I’m using HLSL parser from Ryan Gordon’s mojoshader to parse the original surface shader code and infer some things from the AST mojoshader produces. This way I can figure out what members are in what structures, go over function prototypes and so on. At this stage some error checking is done to tell the user his surface function is of wrong prototype, or his structures are missing required members - which is much better than failing with dozens of compile errors in the generated code later.

To figure out which surface shader inputs are actually used in the various lighting passes, I’m generating small dummy pixel shaders, compile them with Cg and use Cg’s API to query used inputs & outputs.
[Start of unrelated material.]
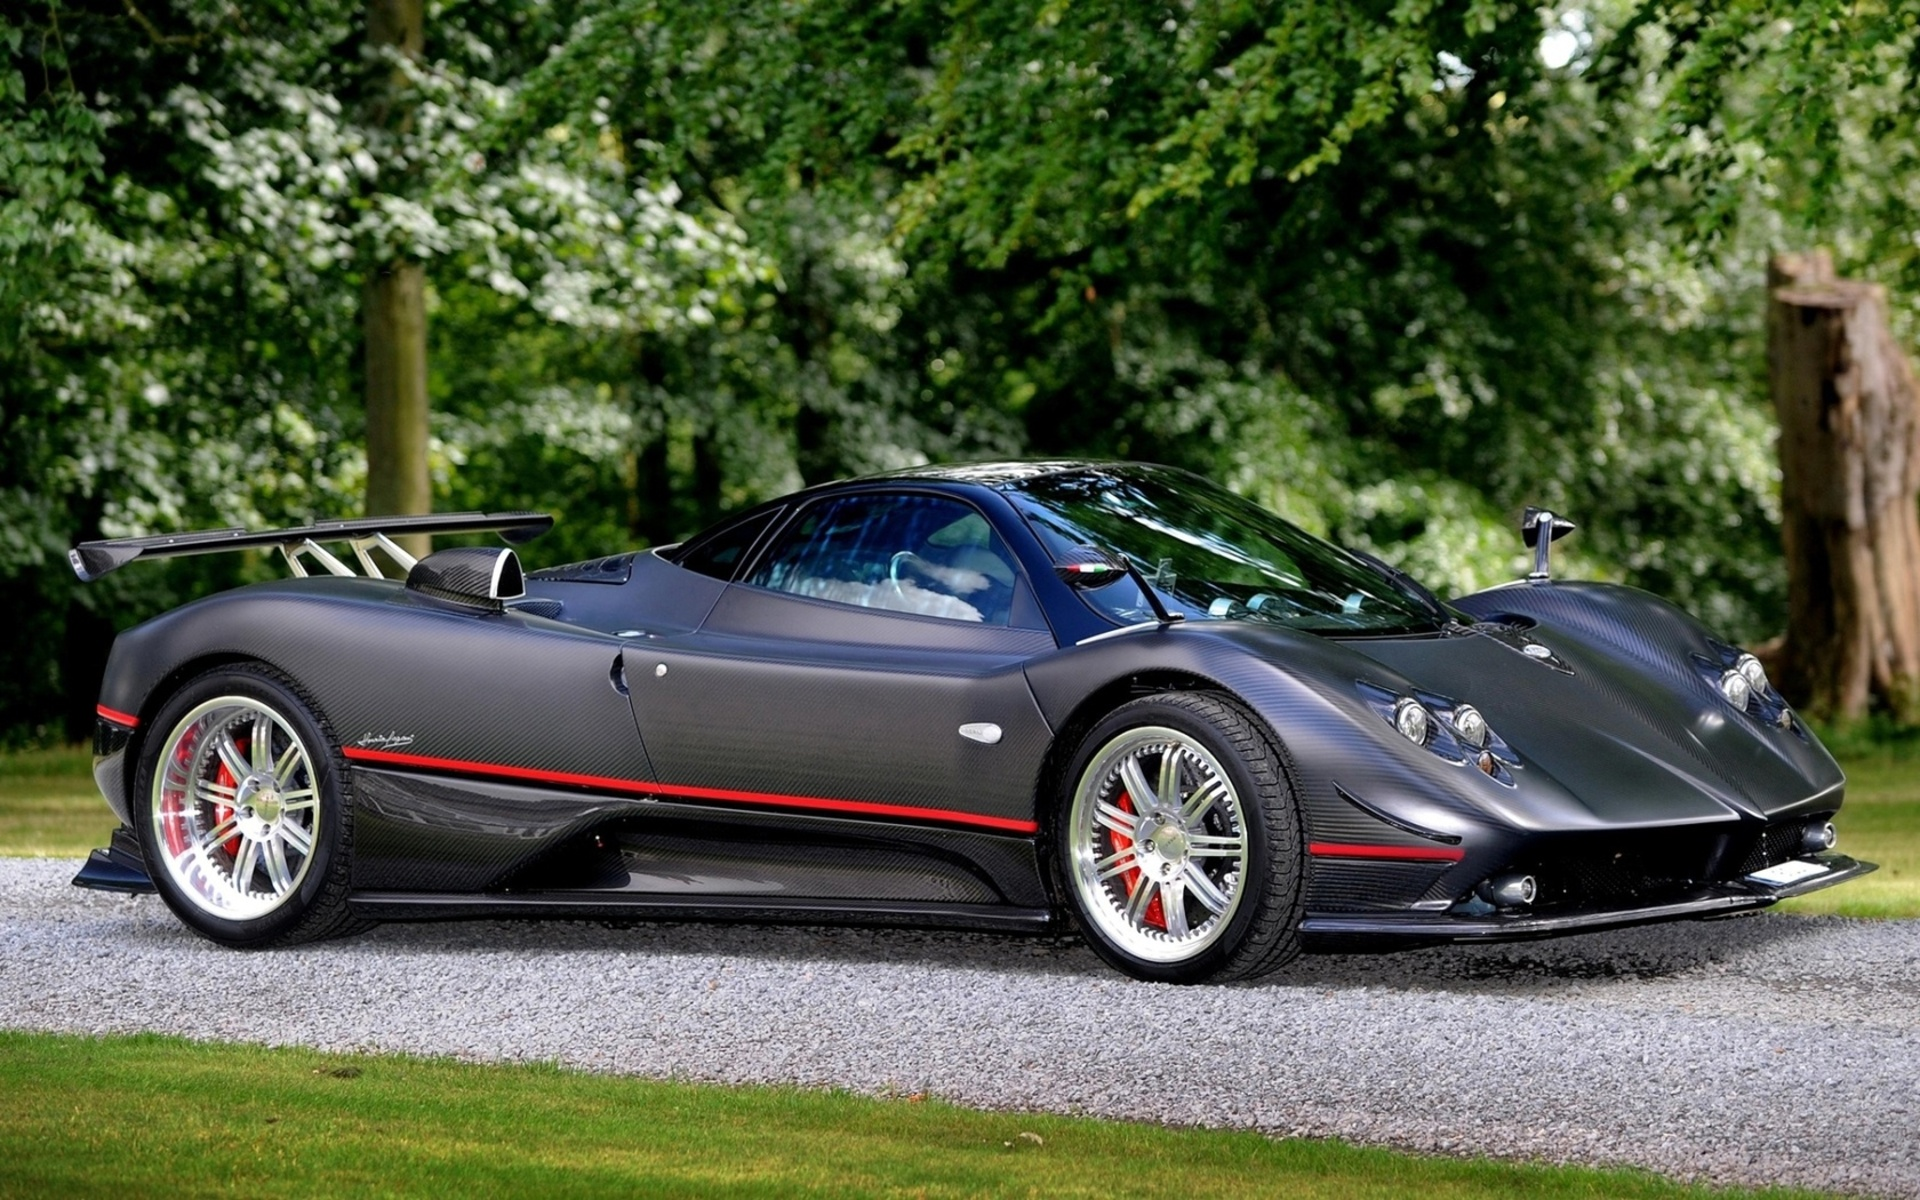 серый спортивный автомобиль pagani zonda r  № 1060232 бесплатно

This way I can figure out, for example, that a normal map nor it’s texture coordinate is not actually used in Light Pre-Pass’ final pass, and save some vertex shader instructions & a texcoord interpolator.

The code that is ultimately generated is compiled with various shader compilers depending on the target platform (Cg for PC/Mac, XDK HLSL for Xbox 360, PS3 Cg for PS3, and my own fork of HLSL2GLSL for iPhone, Android and upcoming NativeClient port of Unity).

So yeah, that’s it. We’ll see where this goes next, or what happens when Unity 3 will be released.